Hallo Perfektionist,

Eine "FullHD 1920/1080" -Flachglotze MUSS das auch können.



> ein Gerät rundrum einen Rand abschneidet


Was für ein Seitenverhältnis hat das Teil? (16:10 ?)

Wie ist das Seitenverhälnis im Fernseher eingestellt -Auto/16:9/4:3/Aspect.....

Hast du mal eine "FullHD-Quelle" (Sat, Settop-Box, Bluray-Player) über HDMI angeschlossen und geprüft, ob sich das dann genauso verhält?

Meiner Meinung nach gibts seit den letzten paar Jahren keine Gerät mehr, die mit einer "Mogelangabe-Full HD" daherkommen.


----------



## Perfektionist (19 Oktober 2011)

dochdoch - das Ding mogelt. war wahrscheinlich doch zu billig ...

... aber eigentlich noch nicht wirklich alt.

wenigstens war die Grafikkarte bzw. deren Treiber darauf gefasst, dass es solche Mogelgeräte gibt und ließ sich dann entsprechend dem wahren Bildausschnitt anpassen.


----------



## Verpolt (19 Oktober 2011)

@Perfekter,

Könntest du den TYP der "elektronischen-Tapete" nennen.



> ... aber eigentlich noch nicht wirklich alt.



Das macht mich irgendwie stutzig :neutral:


----------



## Perfektionist (19 Oktober 2011)

wenn ich dran denk, schau ich mal heut abend aufs Typenschild.


----------



## miami (19 Oktober 2011)

Perfektionist schrieb:


> Das andere Gerät ist "FullHD 1920/1080". Aber dass so ein Gerät rundrum einen Rand abschneidet und somit überhaupt nicht FullHD ist, dass weiß ich erst, seit ich eben mal den Rechner angeschlossen hatte.

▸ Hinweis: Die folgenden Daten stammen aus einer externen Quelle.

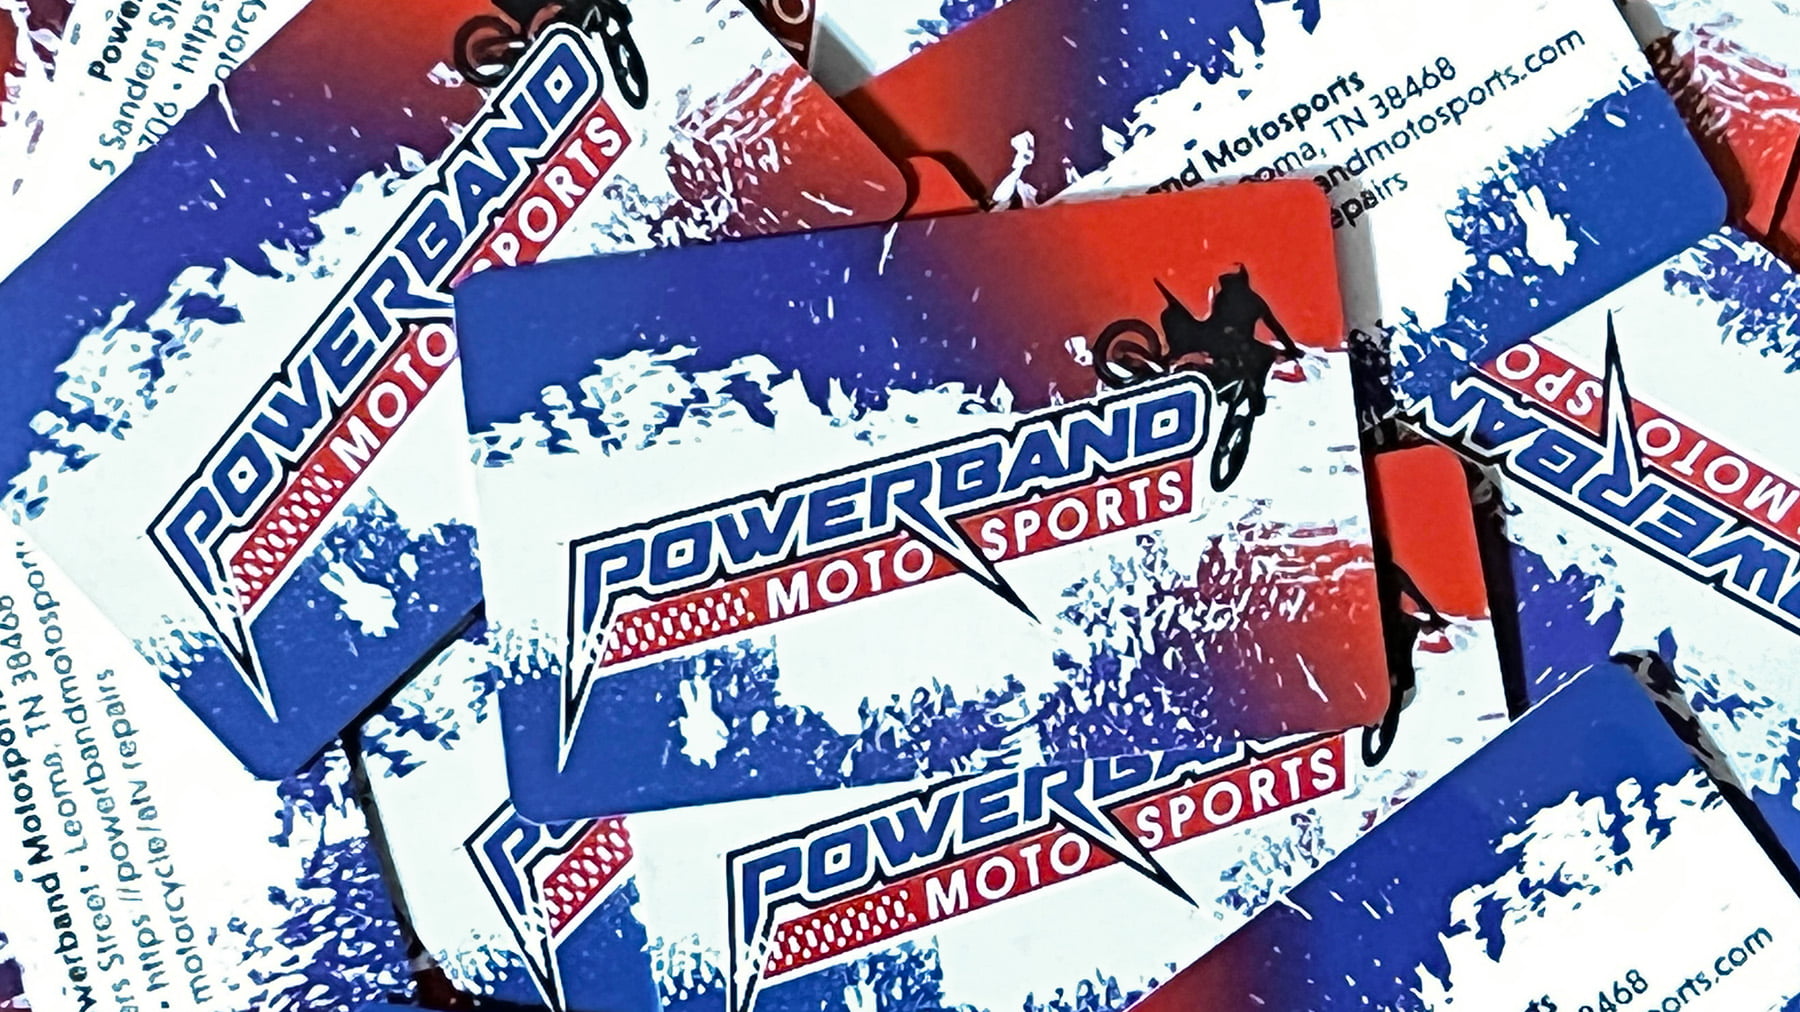 Powerband Motosports hired Rimshot Creative to design their logo and business cards.

Schau mal ob Du in den Einstellungen deines TV die Option "Overscan" findest, schalte die dann aus und Du solltest ein formatfüllendes Bild bekommen.
siehe: http://de.wikipedia.org/wiki/Overscan
Bei meinem Panasonic Plasma (glaube TH-46E85) klappt das hervorragend. Ich habe einen Linux SAT-Receiver, den ich (neben HDMI) auch per VGA an dem TV angeschlossen habe, und kann so den Linuxdesktop auf den TV bringen.


----------



## Perfektionist (27 Oktober 2011)

so, nachdem mir die Verkäufer nur Scheisse erzählt hatten, hab ich mal einfach den Samsung UE32D5000PWXZG gekauft. Mit der Option, dass ich den ggf. als ganz normalen Fernseher auch gebrauchen könnte ...

Ergebnis: zumindest als VGA-Monitor ist das Ding brauchbar. Keine unnötige Unschärfe, kein abgeschnittener Rand, keine Latenzzeiten. Und auch vernünftige Darstellung andererer Videomodi als 1920/1080, wenns darum geht, mal eine Runtime einigermassen formatfüllend darzustellen.

bleibt nur noch der Test bei DVI/HDMI ...

Aber ansonsten rekordverdächtig flach, rekordverdächtig stromsparend ...

achja: bei Mediamarkt heute für 379EUR gekauft. Also nichtmal teuer.

ich glaub, das Teil brauch ich morgen nochmal (als Fernseher für die gerade neu erworbenen Wohnung).


PS: ja, bei Tag betrachtet: er spiegelt ...
(aber welcher Proggie arbeitet schon in einem taghellen Büro  )


----------